Kelsey Cottrell

Personal information
- Nationality: Australian
- Born: 31 May 1990 (age 36) Auckland, New Zealand

Sport
- Sport: Bowls
- Club: St Johns Park

Achievements and titles
- Highest world ranking: 1 (June 2024)

Medal record
Representing Australia
World Outdoor Championships
| Gold medal – first place | 2008 Christchurch | Team |
| Bronze medal – third place | 2008 Christchurch | Singles |
| Silver medal – second place | 2008 Christchurch | Triples |
| Gold medal – first place | 2012 Adelaide | Pairs |
| Gold medal – first place | 2012 Adelaide | Team |
| Gold medal – first place | 2016 Christchurch | Fours |
| Gold medal – first place | 2016 Christchurch | Team |
| Gold medal – first place | 2023 Gold Coast | triples |
| Silver medal – second place | 2023 Gold Coast | fours |
| Bronze medal – third place | 2023 Gold Coast | team |
Commonwealth Games
| Bronze medal – third place | 2010 Delhi | Singles |
| Silver medal – second place | 2014 Glasgow | Triples |
| Gold medal – first place | 2018 Gold Coast | Fours |
Asia Pacific Bowls Championships
| Silver medal – second place | 2007 Christchurch | triples |
| Bronze medal – third place | 2007 Christchurch | fours |
| Bronze medal – third place | 2009 Kuala Lumpur | singles |
| Silver medal – second place | 2009 Kuala Lumpur | triples |
| Silver medal – second place | 2011 Adelaide | singles |
| Gold medal – first place | 2011 Adelaide | triples |
| Gold medal – first place | 2015 Christchurch | pairs |
| Gold medal – first place | 2015 Christchurch | fours |
| Gold medal – first place | 2019 Gold Coast | pairs |
WB Indoor Championships
| Gold medal – first place | 2023 Warilla | mixed pairs |

= Kelsey Cottrell =

Australian lawn bowler (born 1990)

Kelsey May Cottrell (born 31 May 1990) is an Australian international lawn bowler.

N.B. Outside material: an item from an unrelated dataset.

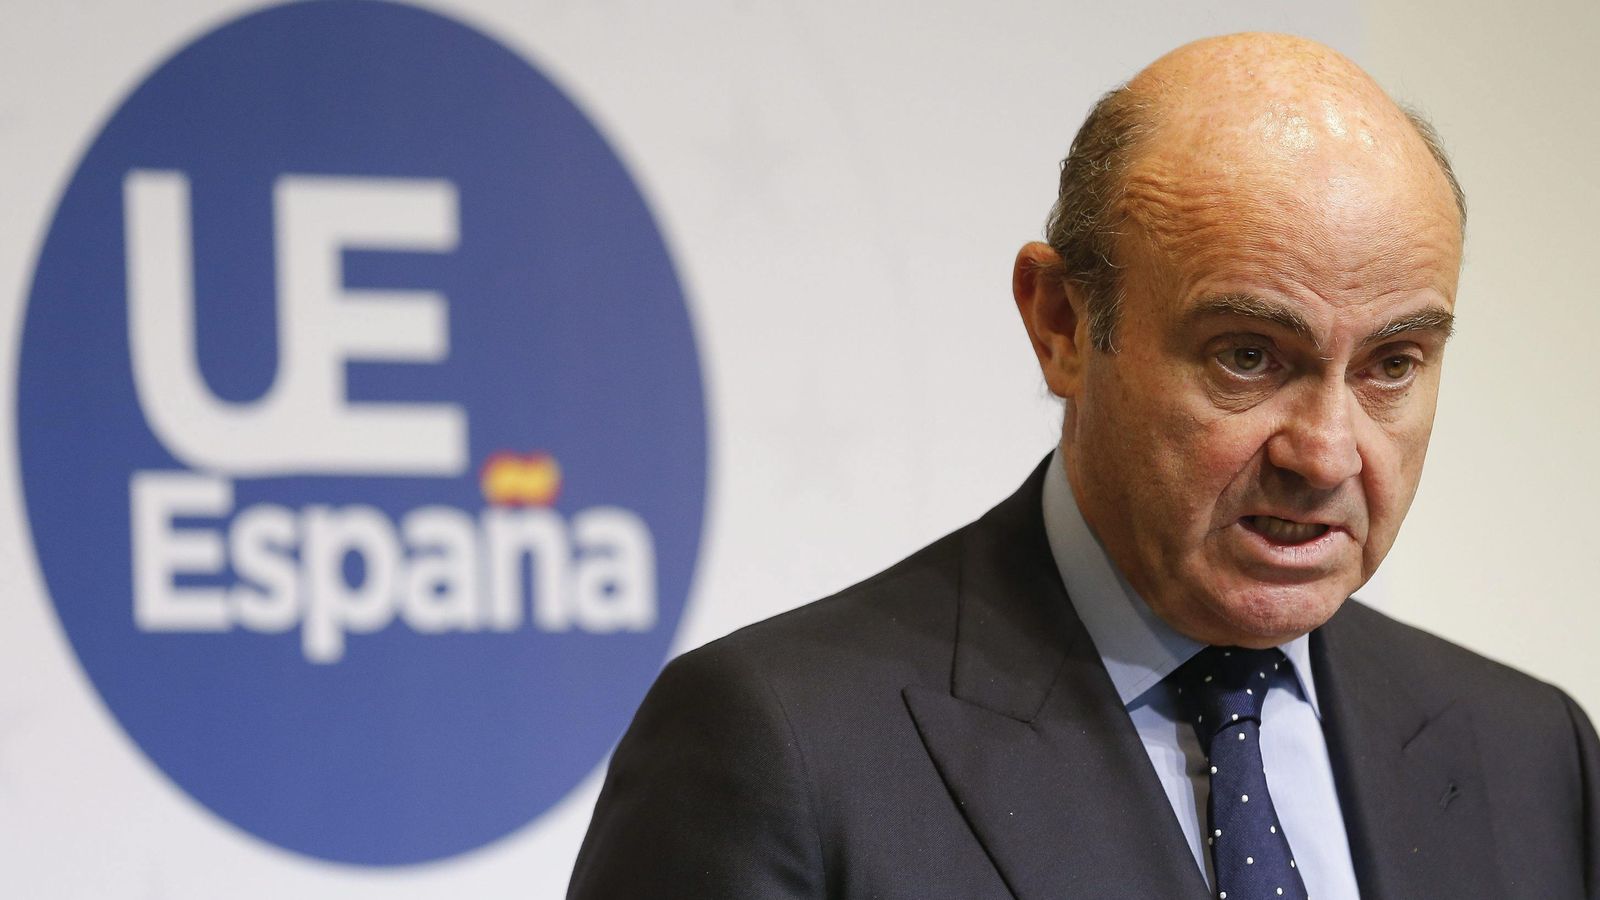 Foto: El ministro español de Economía y Competitividad, Luis de Guindos, comparece en rueda de prensa durante la reunión de los ministros de Economía y Finanzas de la Unión Europea (UE). (EFE)

She reached a career high ranking of world number 1 in June 2024.

==Bowls career==
===World Championships===
Outdoor

Cottrell won three medals at the 2008 World Outdoor Bowls Championship in Christchurch, New Zealand. Four years later she won the gold medal in the pairs competition with Rebecca Quail and a team gold at the 2012 World Outdoor Bowls Championship.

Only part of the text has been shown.